Information provided =>

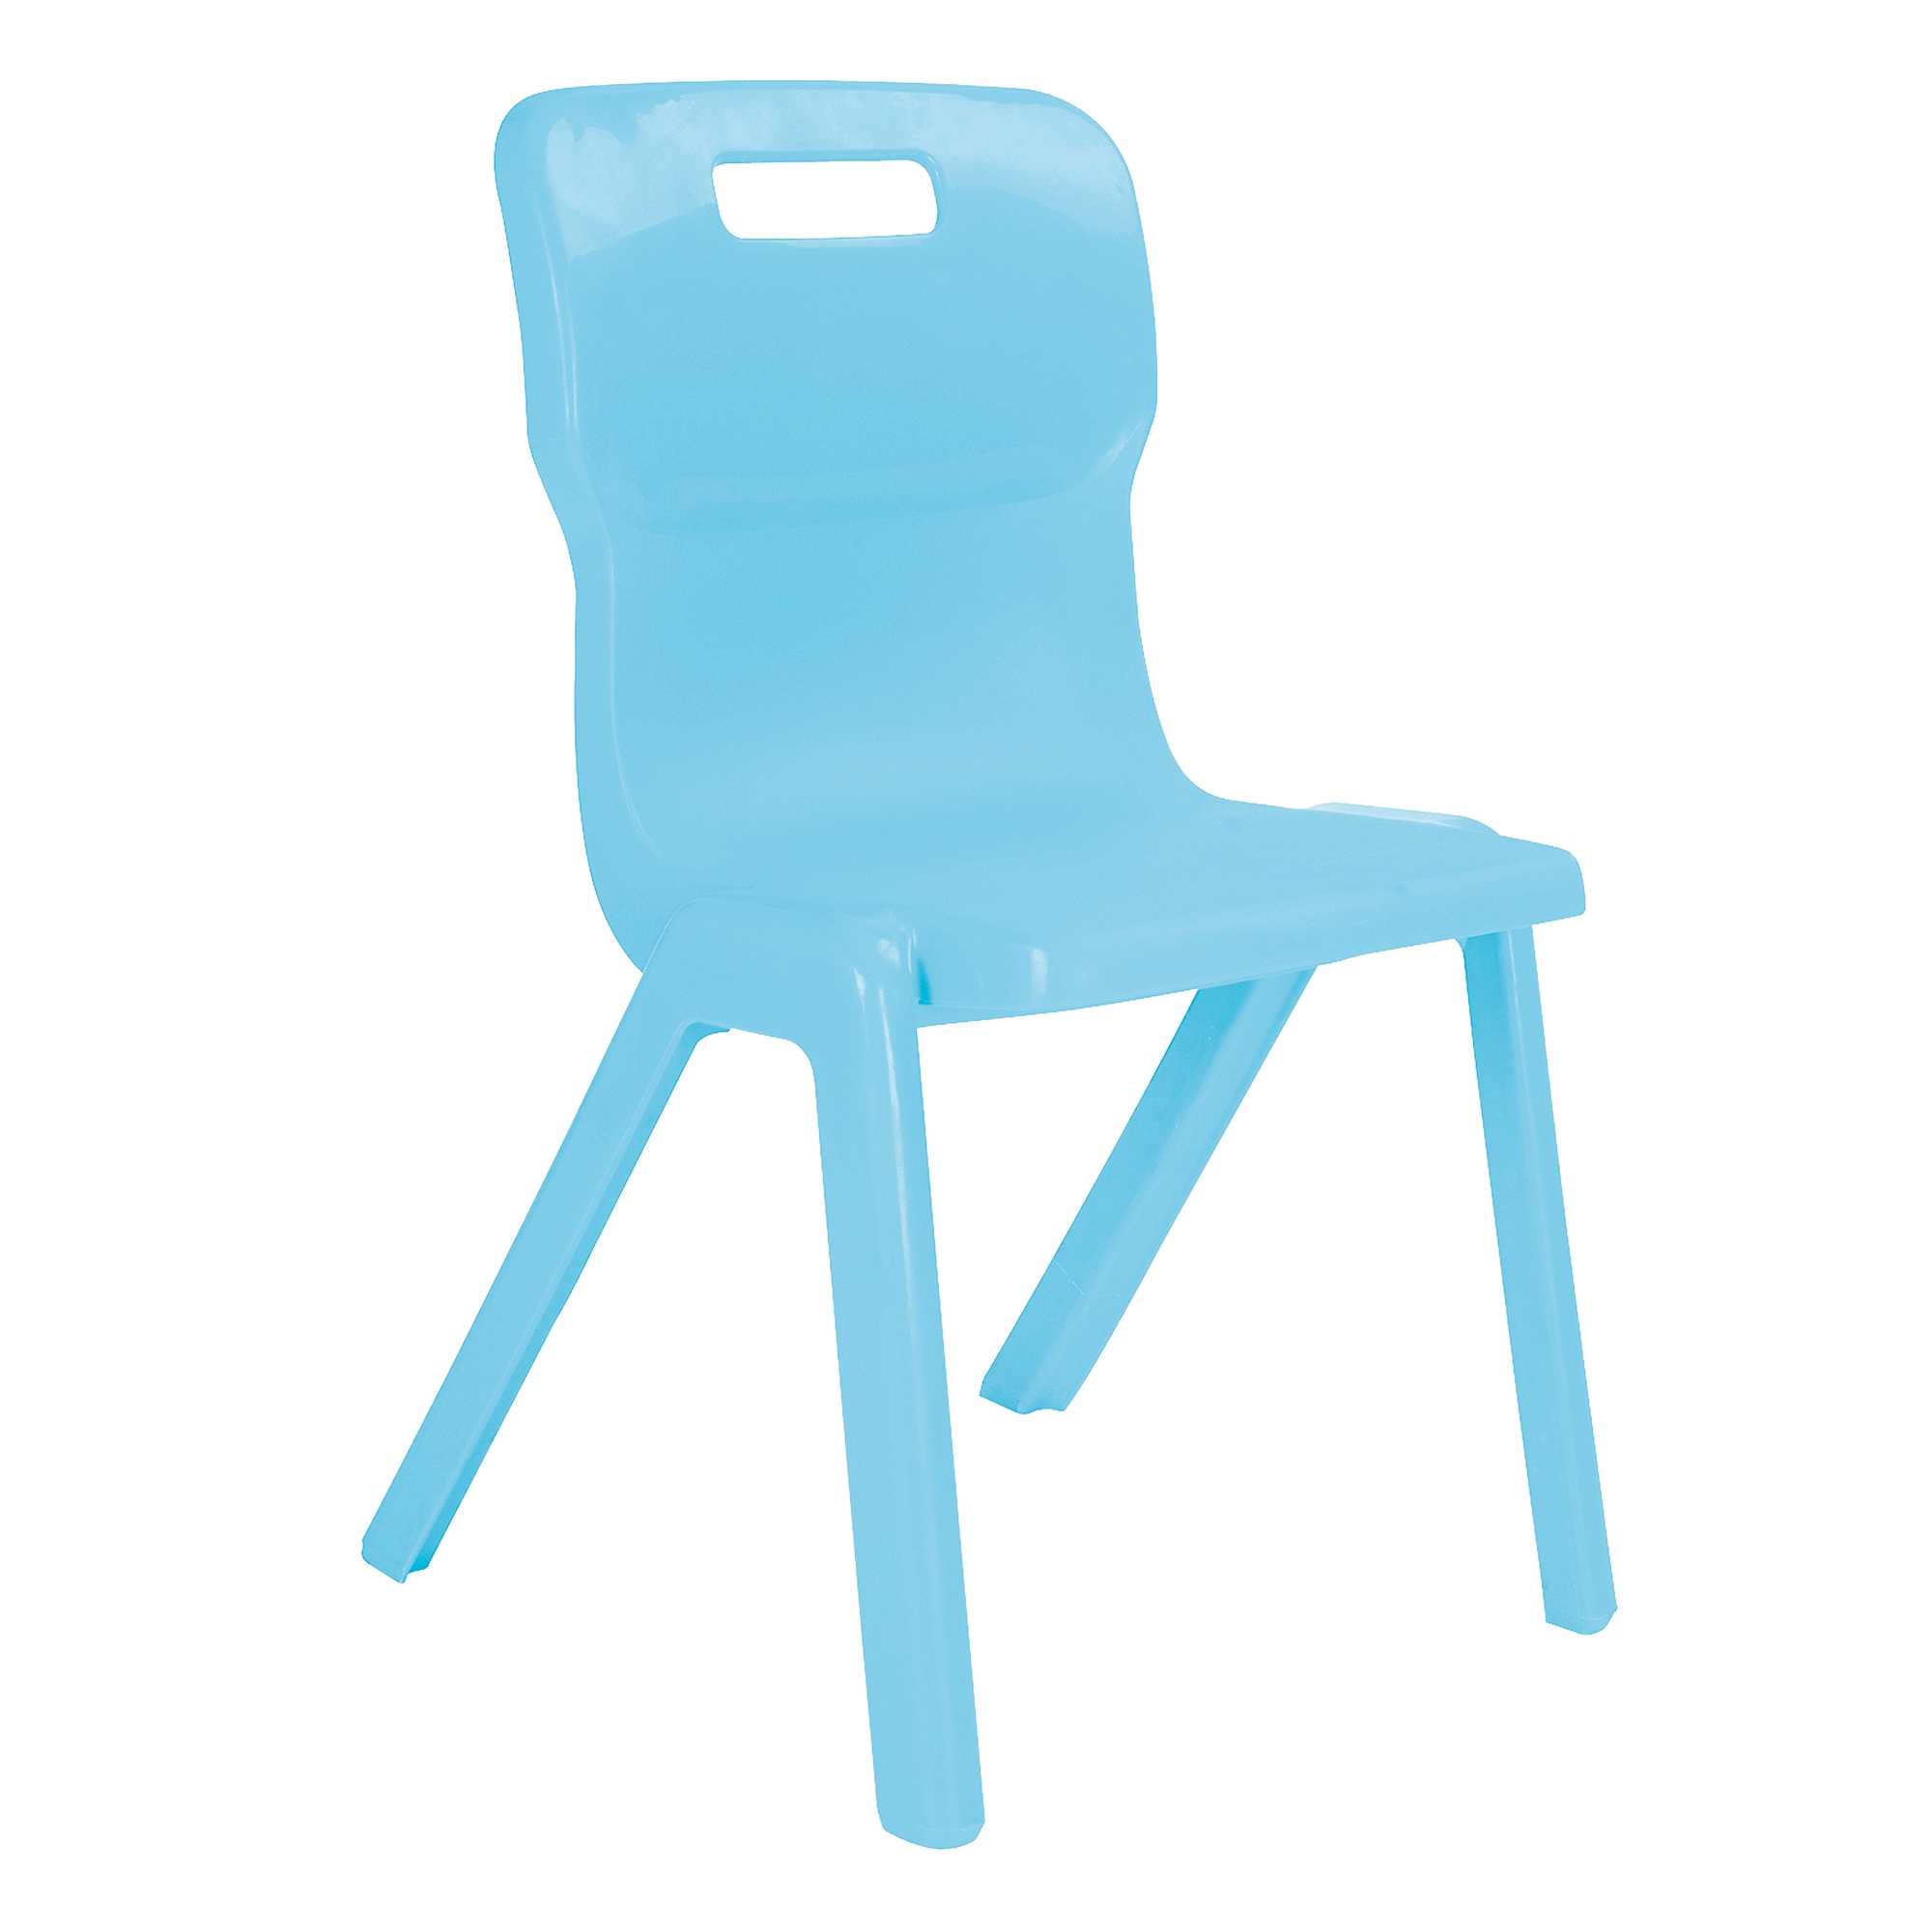 One Piece Titan Chair - Size 5 Ages 11-14 Sky Blue
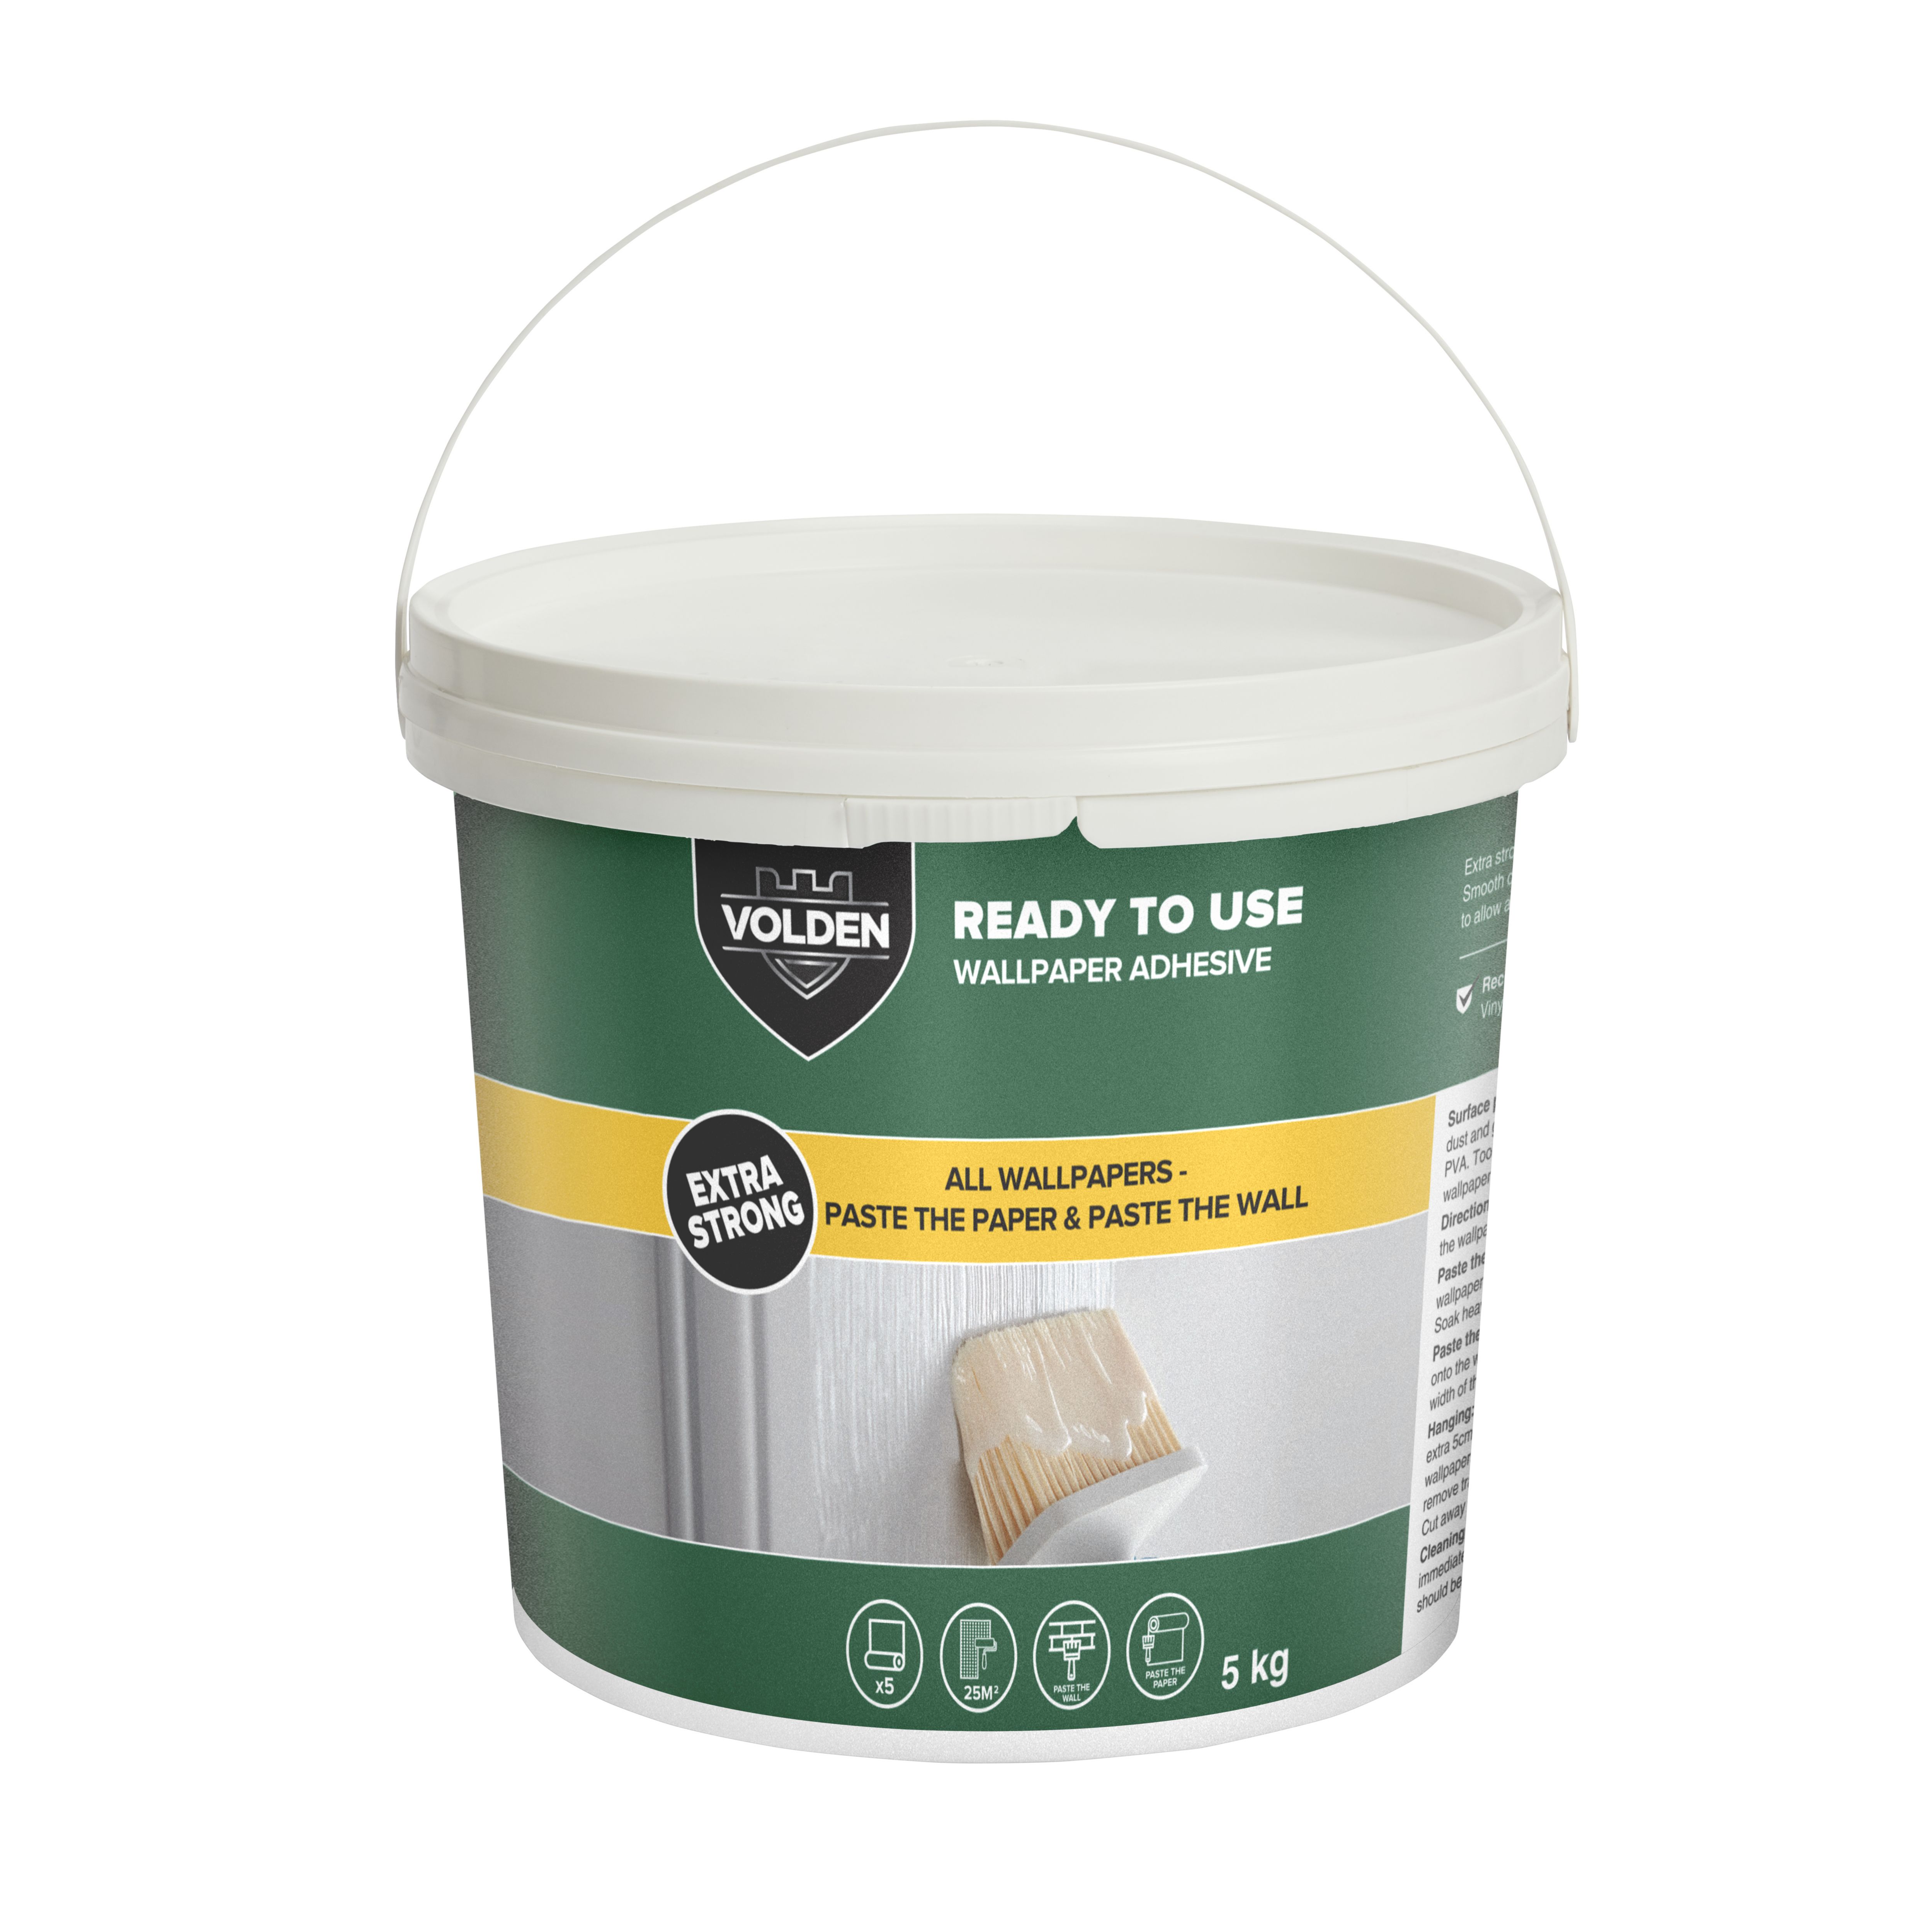 Solvite All Purpose Wallpaper Adhesive Powder 30 Rolls
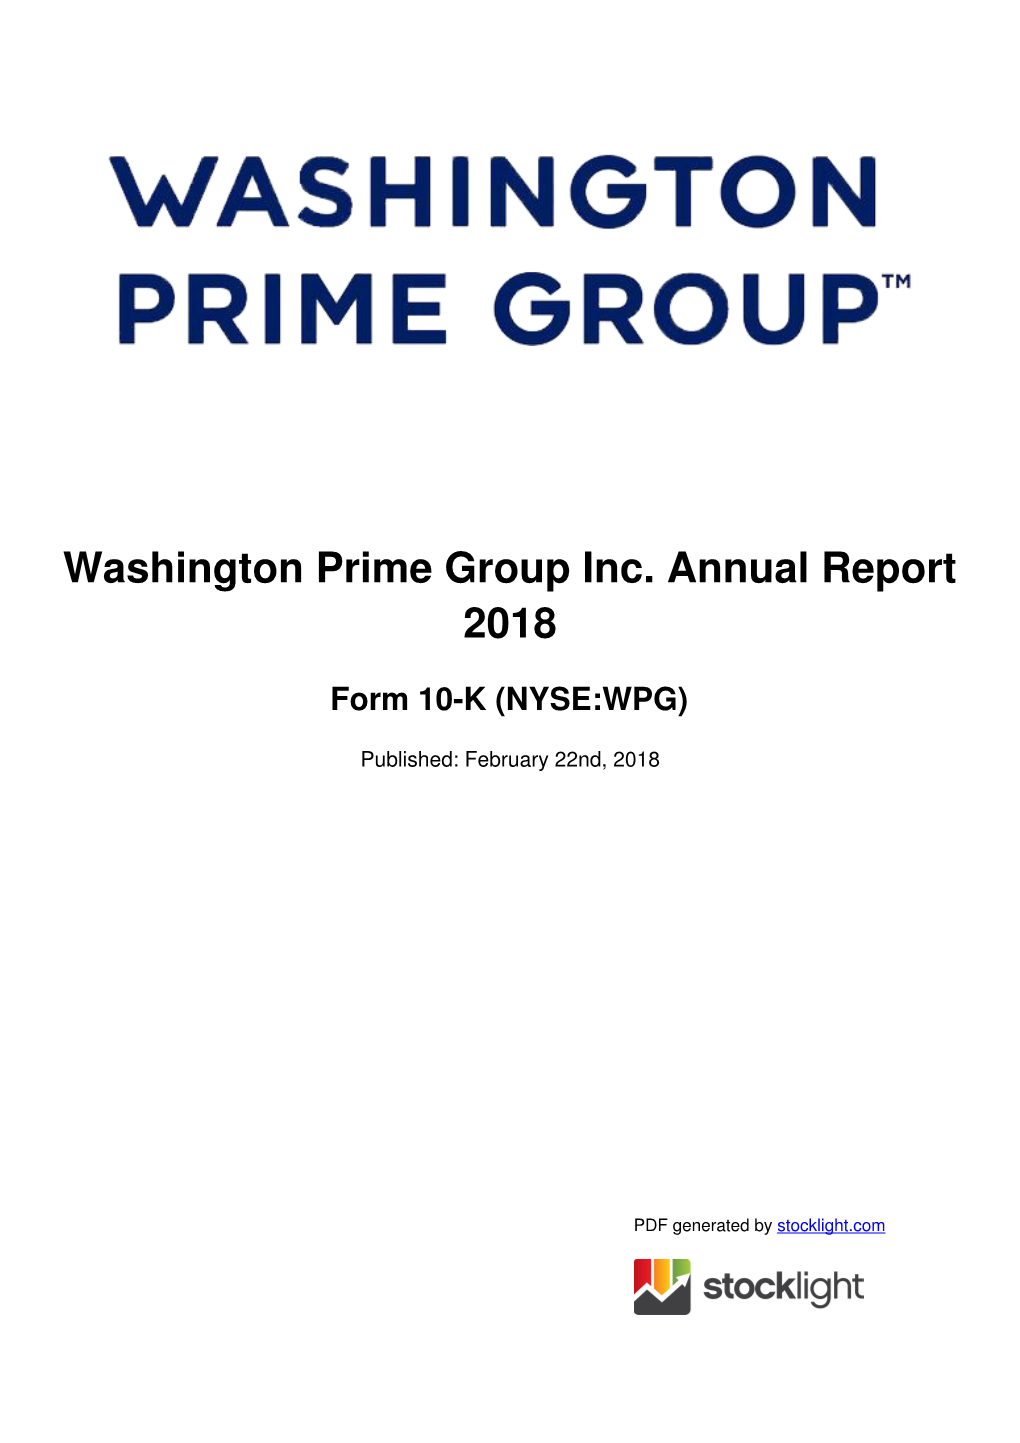 Washington Prime Group Inc. Annual Report 2018

Task description =>
Copy out the material above exactly; the images stay out.

Solution to this task =>
 One Piece Titan Chair - Size 5 Ages 11-14 Sky Blue
 Solvite All Purpose Wallpaper Adhesive Powder 30 Rolls
 Washington Prime Group Inc. Annual Report 2018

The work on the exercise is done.